6. Training the Model – The Most Important Part

Training the model, as seen from the main function, involves two steps: loading the required dataset and performing training. The code is located here. The general code looks like this:

train_dataset = load_and_cache_examples(args, args.task_name, tokenizer, data_type='train')
global_step, tr_loss = train(args, train_dataset, model, tokenizer)

Let’s look at these two functions one by one:

6.1 Loading the Training Set

First, let’s look at the first function, load_and_cache_examples, which loads the training dataset. The code is located here. Let’s take a quick look at this code, which has three core operations.

The first core operation is as follows:

examples = processor.get_train_examples(args.data_dir)

This code is to use the processor to read the training set. It is very simple.

The returned example looks something like this (the return format is clearly displayed above when looking at the processor):

guid='train-0'
label='104'
text_a='The stock market is not doing well today'
text_b=None

The second core operation is convert_examples_to_features, which transforms the data, and it is also quite simple.

The code is located here. The code is as follows:

features = convert_examples_to_features(examples, tokenizer, label_list=label_list, max_length=args.max_seq_length, output_mode=output_mode, pad_on_left=bool(args.model_type in ['xlnet']),                                                pad_token=tokenizer.convert_tokens_to_ids([tokenizer.pad_token])[0],
pad_token_segment_id=4 if args.model_type in ['xlnet'] else 0,

Let’s look inside this function to see what’s going on. The location is:

processors.glue.glue_convert_examples_to_features

It performs label mapping, ‘100’ -> 0, ‘101’ -> 1…

Next, it obtains the serialized representation of the input text: input_ids, token_type_ids; the form is roughly as follows:

‘input_ids’=[101, 5500, 4873, 704, 4638, 4960, 4788, 2501, 2578, 102]

‘token_type_ids’=[0, 0, 0, 0, 0, 0, 0, 0, 0, 0]

It calculates the current length and obtains the padding length. For example, if our length is 10, it needs to be padded to 128, requiring 118 zeros.

At this point, our input_ids becomes the above list with 128 zeros added at the end, and our attention_mask becomes the above form with 118 zeros added, because the second sentence is not padded, so token_type_ids is a total of 128 zeros.

After processing each data point, we need to do the following:

features.append(InputFeatures(input_ids=input_ids,
attention_mask=attention_mask,
token_type_ids=token_type_ids,
label=label,
input_len=input_len))## Length is the original length, should be 10, not 128

InputFeatures here is used to store the transformed features into a new variable.

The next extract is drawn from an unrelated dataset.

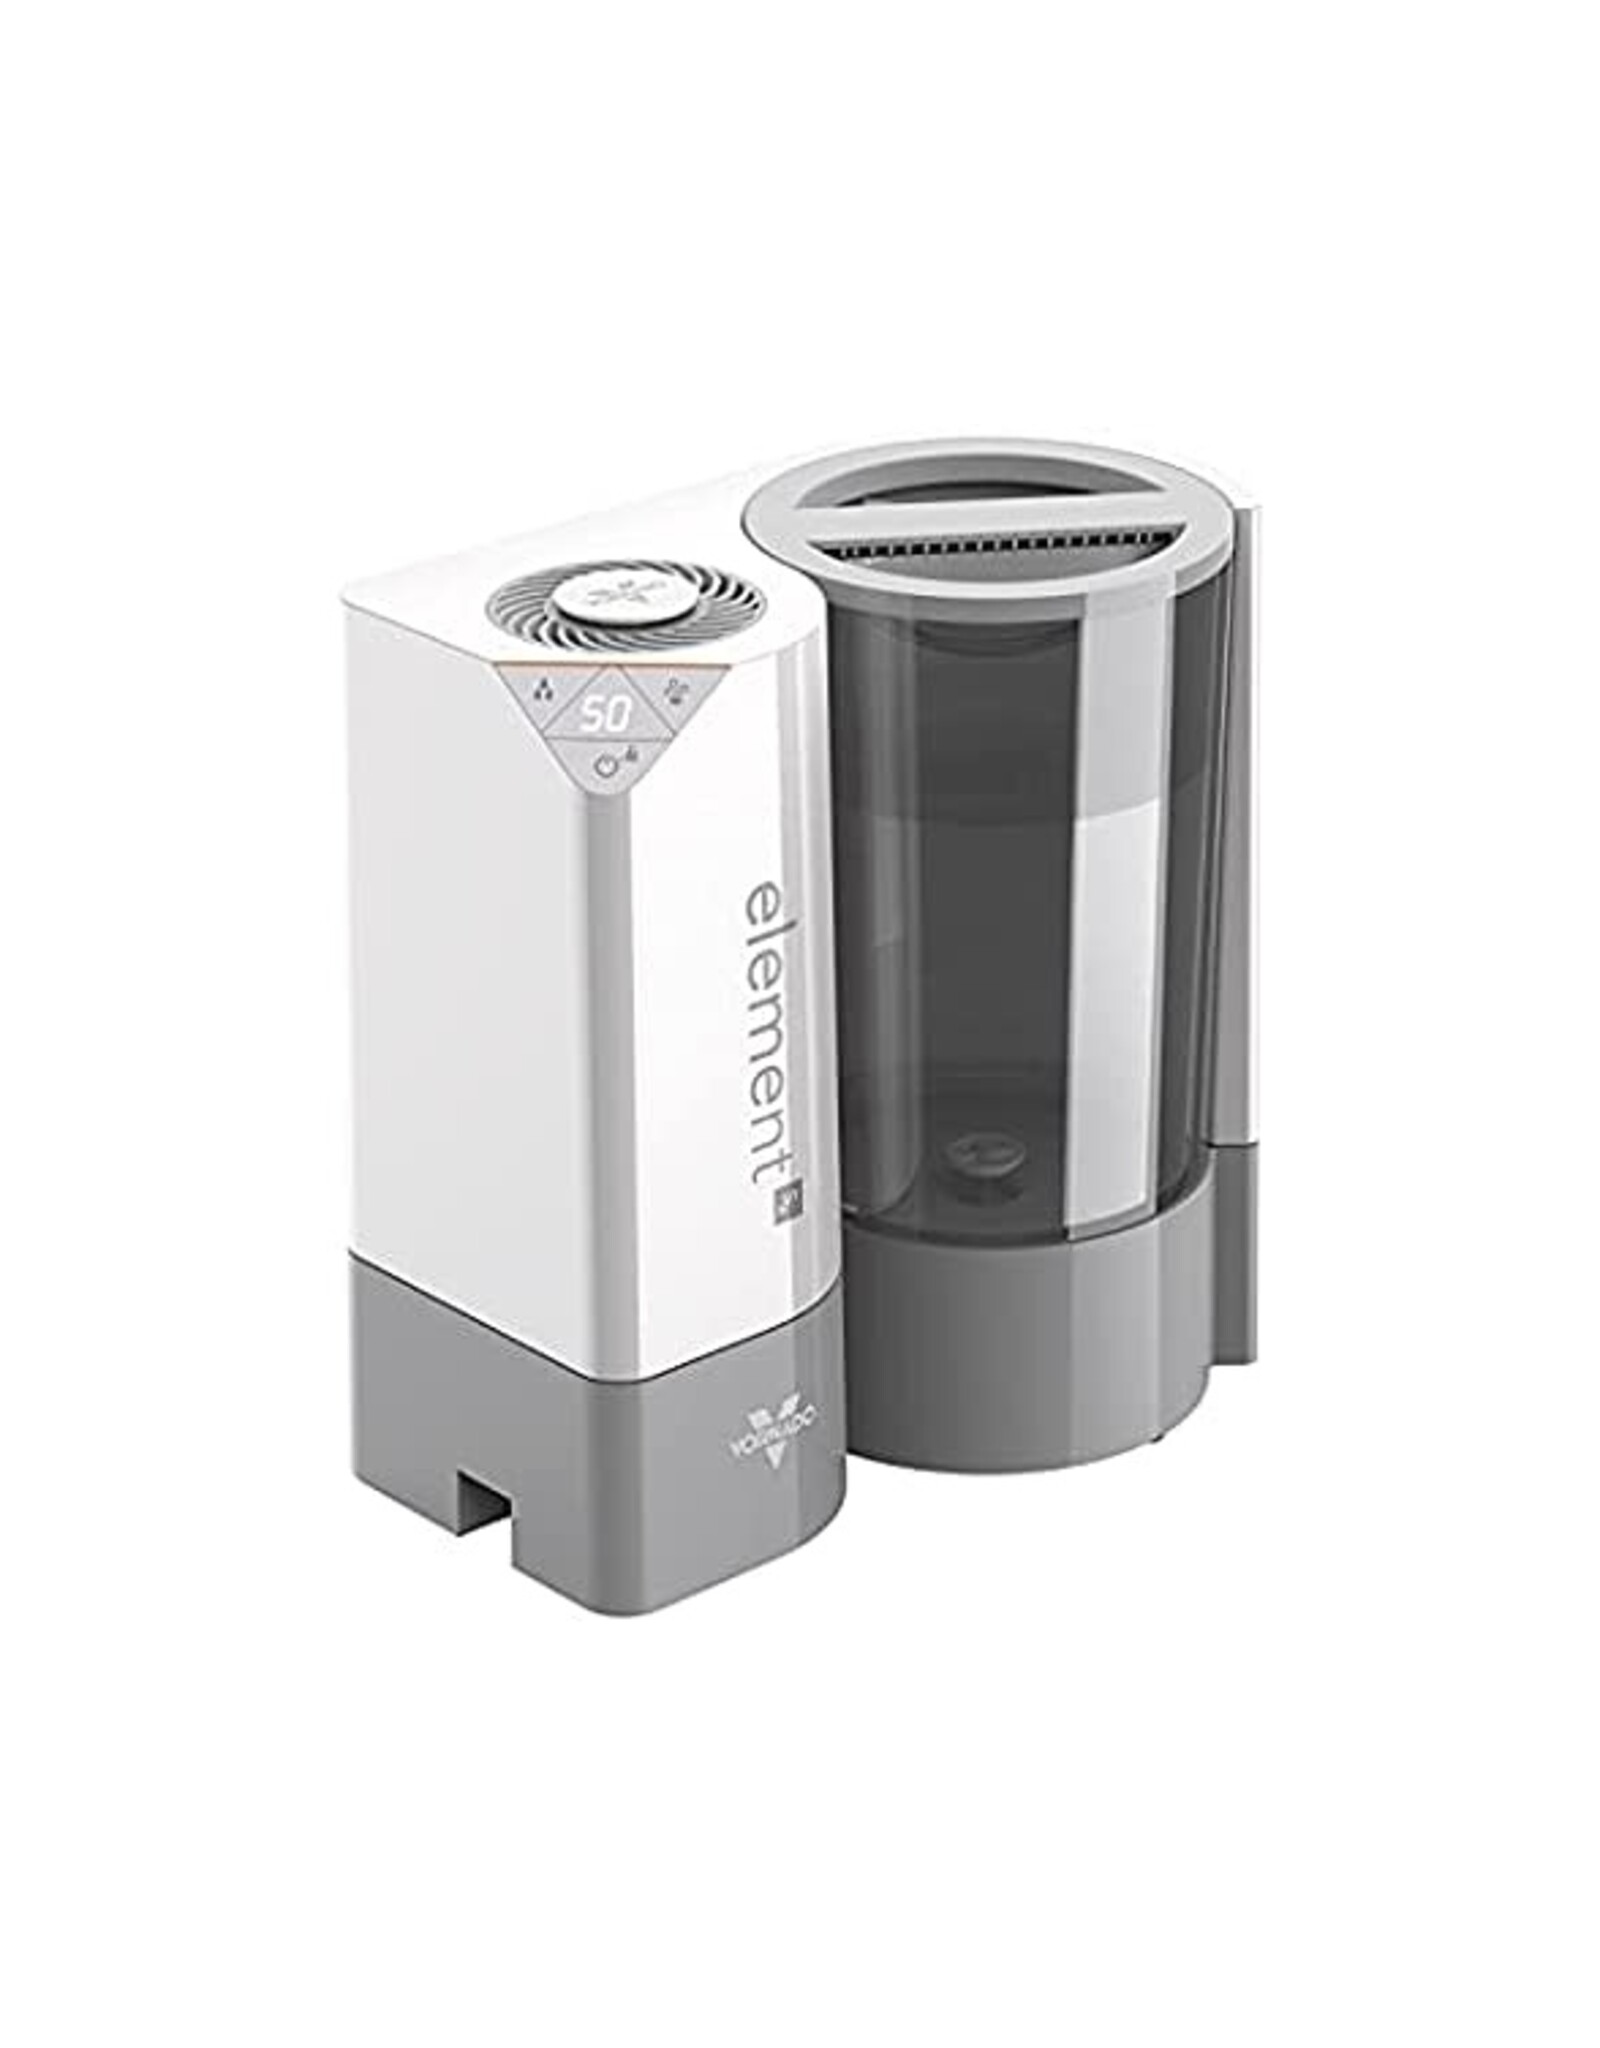 vornado Vornado Element SA Air + Steam Humidifier with Auto Refill Notification, 0.75 Gallon Capacity, No Filters Required

After transforming all the original data into features, we obtain the features list and then convert its elements into tensor form, and then

The third core operation is to construct the final dataset using TensorDataset and return it:

dataset = TensorDataset(all_input_ids, all_attention_mask, all_token_type_ids, all_lens, all_labels)

6.2 Training the Model – The Train Function

Now let’s look at the second function, which is the train operation.

6.2.1 Standard Operations

First, there are some standard operations.

Random sampling of data: RandomSampler

DataLoader reads the data

Calculating the total training steps (gradient accumulation), setting warm_up parameters, optimizer, whether to use fp16, etc.

Then, training is done batch by batch. The core code here is to send the data and parameters into the model:

outputs = model(**inputs)

We are performing a text classification demo operation using the corresponding Bert class, BertForSequenceClassification.

Let’s directly enter this class to see its internal functions.

6.2.2 Bert Classification Model: BertForSequenceClassification

The main code is as follows:

Click here to open the collapsed code:

## reference: transformers.modeling_bert.BertForSequenceClassification 
class BertForSequenceClassification(BertPreTrainedModel):
    def __init__(self, config):
                ...
        ...
        self.bert = BertModel(config)
        self.dropout = nn.Dropout(config.hidden_dropout_prob)
        self.classifier = nn.Linear(config.hidden_size, self.config.num_labels)

    def forward(self, input_ids, attention_mask=None, token_type_ids=None, position_ids=None, head_mask=None, labels=None):
        outputs = self.bert(input_ids,
                            attention_mask=attention_mask,
                            token_type_ids=token_type_ids,
                            position_ids=position_ids, 
                            head_mask=head_mask)
        ## Note: In init, self.bert is defined as BertModel, so we need to check how the data enters BertModel
        pooled_output = outputs[1]
        pooled_output = self.dropout(pooled_output)
                ...
        ...
        return outputs  # (loss), logits, (hidden_states), (attentions)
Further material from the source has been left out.